Member of Parliament for Champlain
- In office March 1958 – June 1962
- Preceded by: Joseph Irenée Rochefort
- Succeeded by: Jean-Paul Matte

Personal details
- Born: 19 April 1902 Batiscan, Quebec, Canada
- Died: 22 April 1983 (aged 81)
- Party: Progressive Conservative
- Spouse(s): Esperance Brunelle m. 26 September 1928
- Profession: Farmer, insurance agent

= Paul Lahaye =

Canadian politician (1902–1983)

Paul Lahaye (19 April 1902 – 22 April 1983) was a Progressive Conservative party member of the House of Commons of Canada. Born in Batiscan, Quebec, he was a farmer and life insurance agent by career. From 1922 to 1949, he was secretary-treasurer of his regional school board. Between 1945 and 1948, he was secretary-treasurer of the municipality of Batiscan.
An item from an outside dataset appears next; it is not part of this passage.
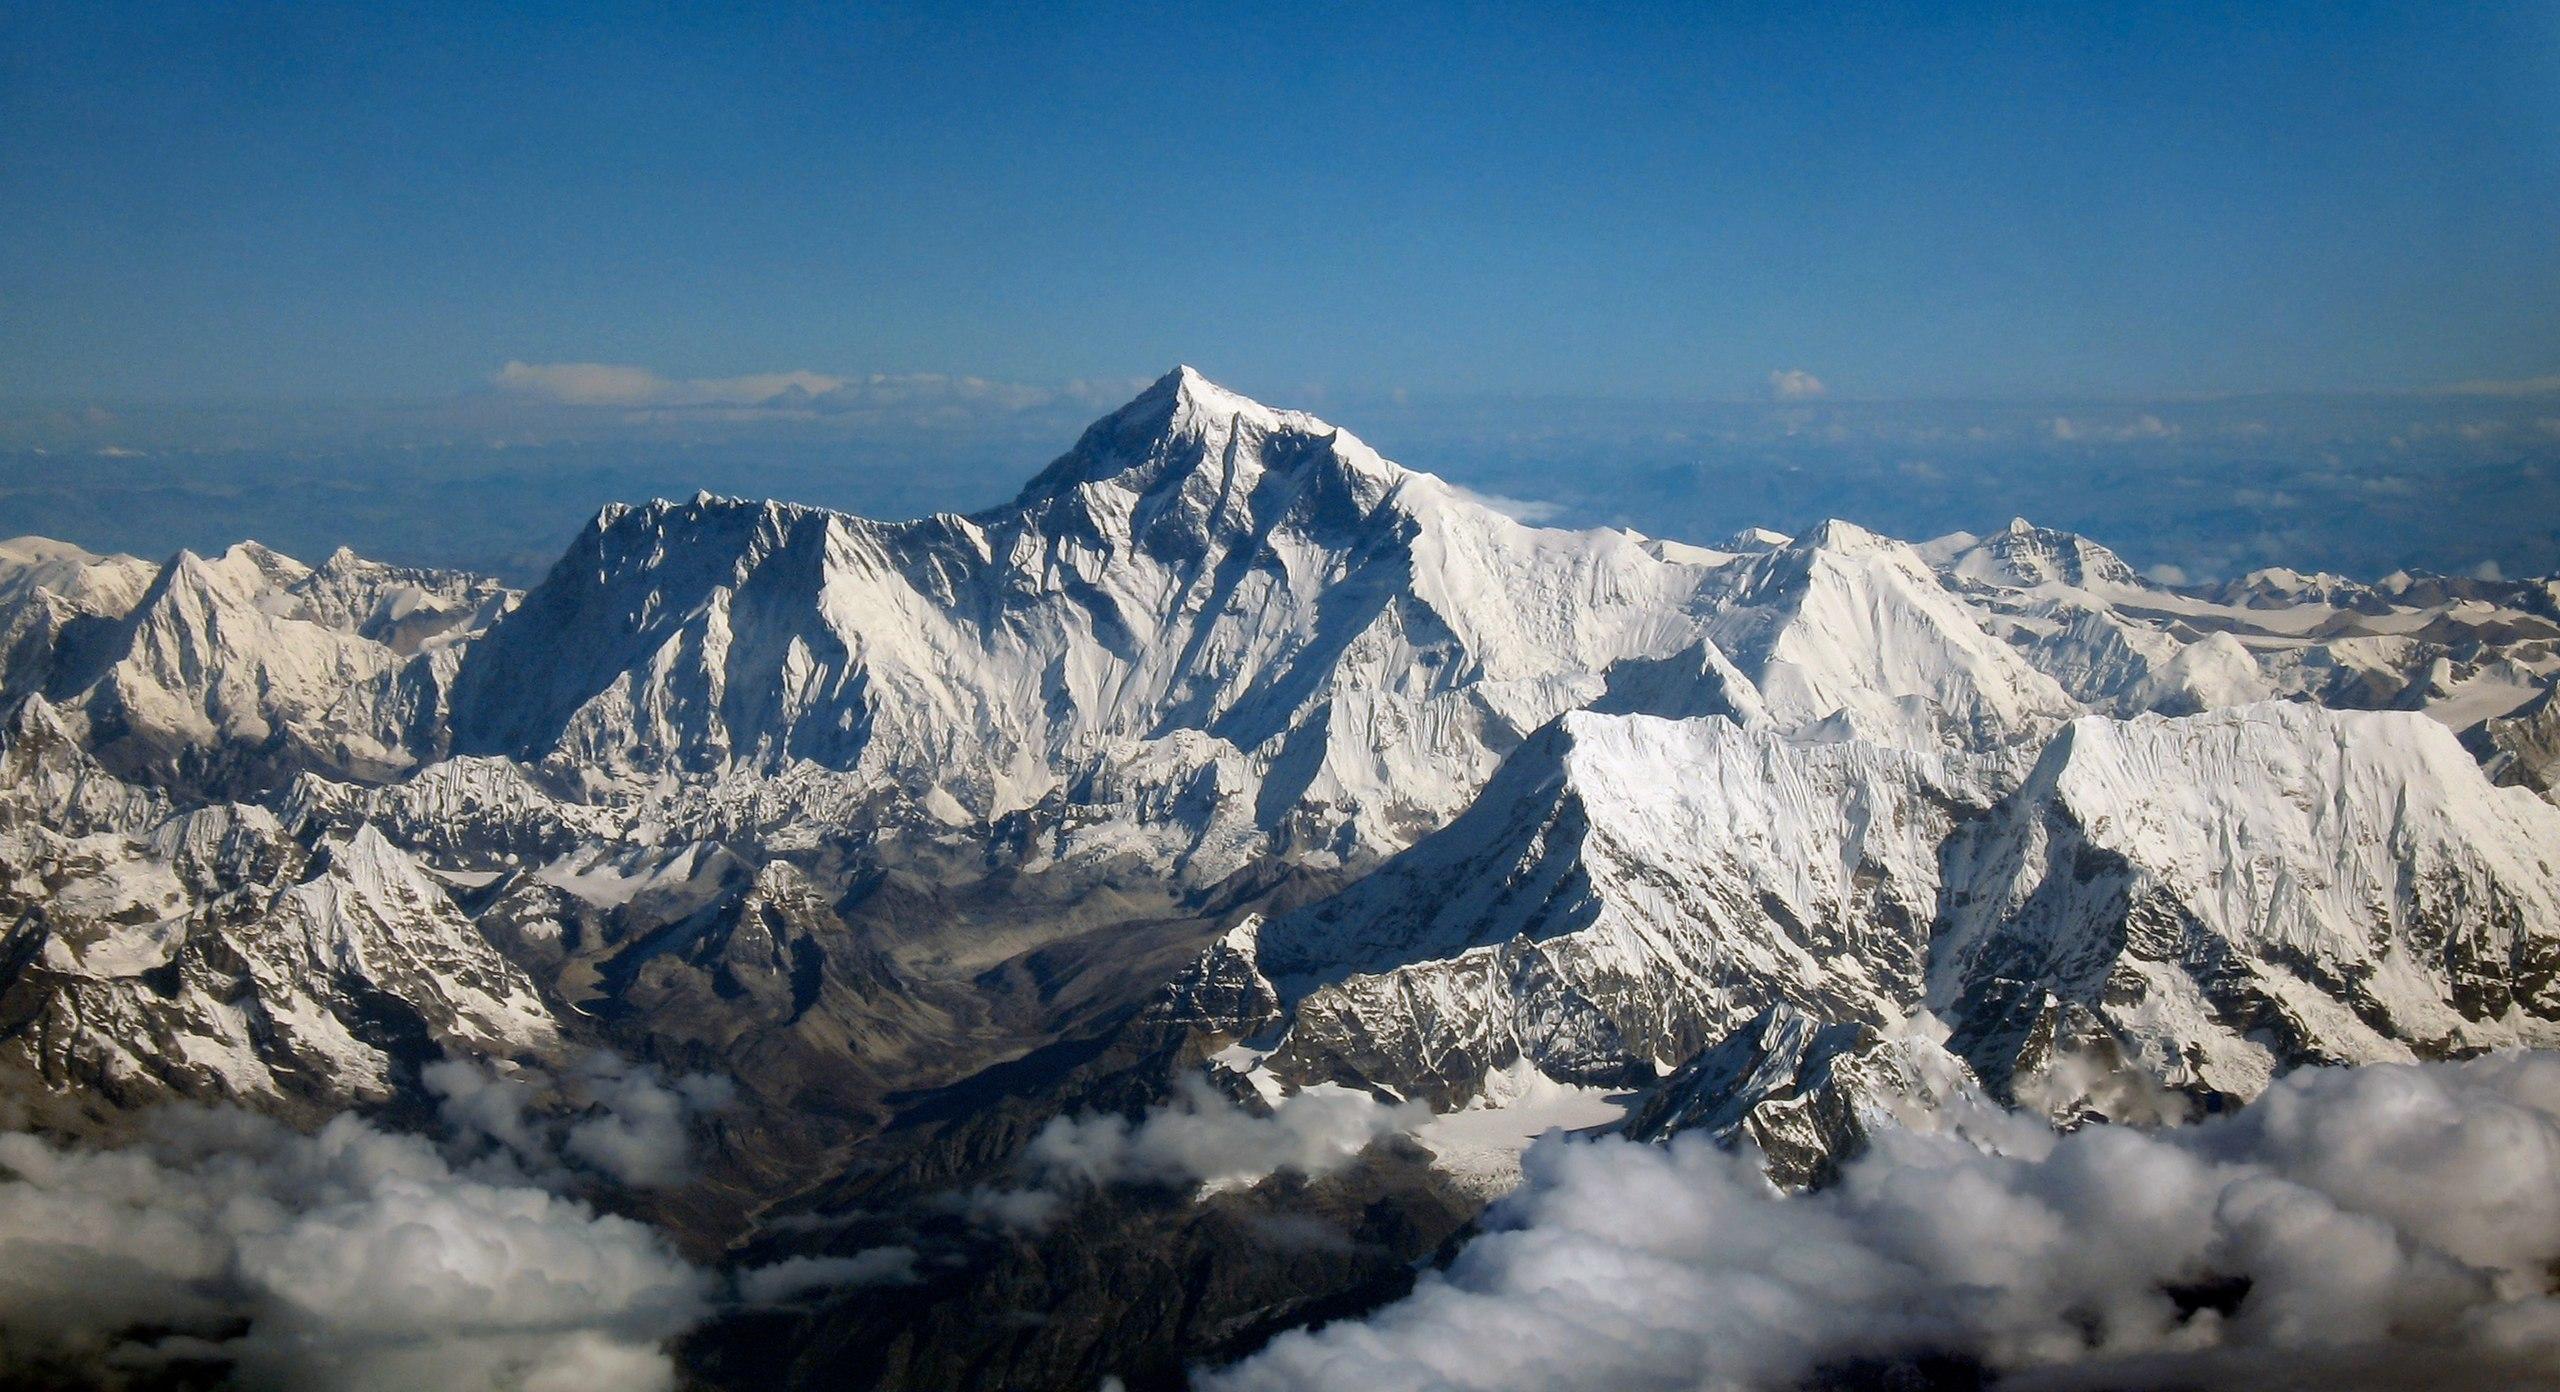 2560px Mount Everest as seen from Drukair2 PLW edit

He was first elected at the Champlain riding in the 1958 general election. After serving his only term, the 24th Canadian Parliament, Lahaye was defeated in the 1962 election, finishing in third place behind winner Jean-Paul Matte of the Liberal party and Origène Arvisais of the Social Credit party. Lahaye was also unsuccessful in another attempt to return to Parliament at the Rivière-du-Loup—Témiscouata riding in the 1965 election.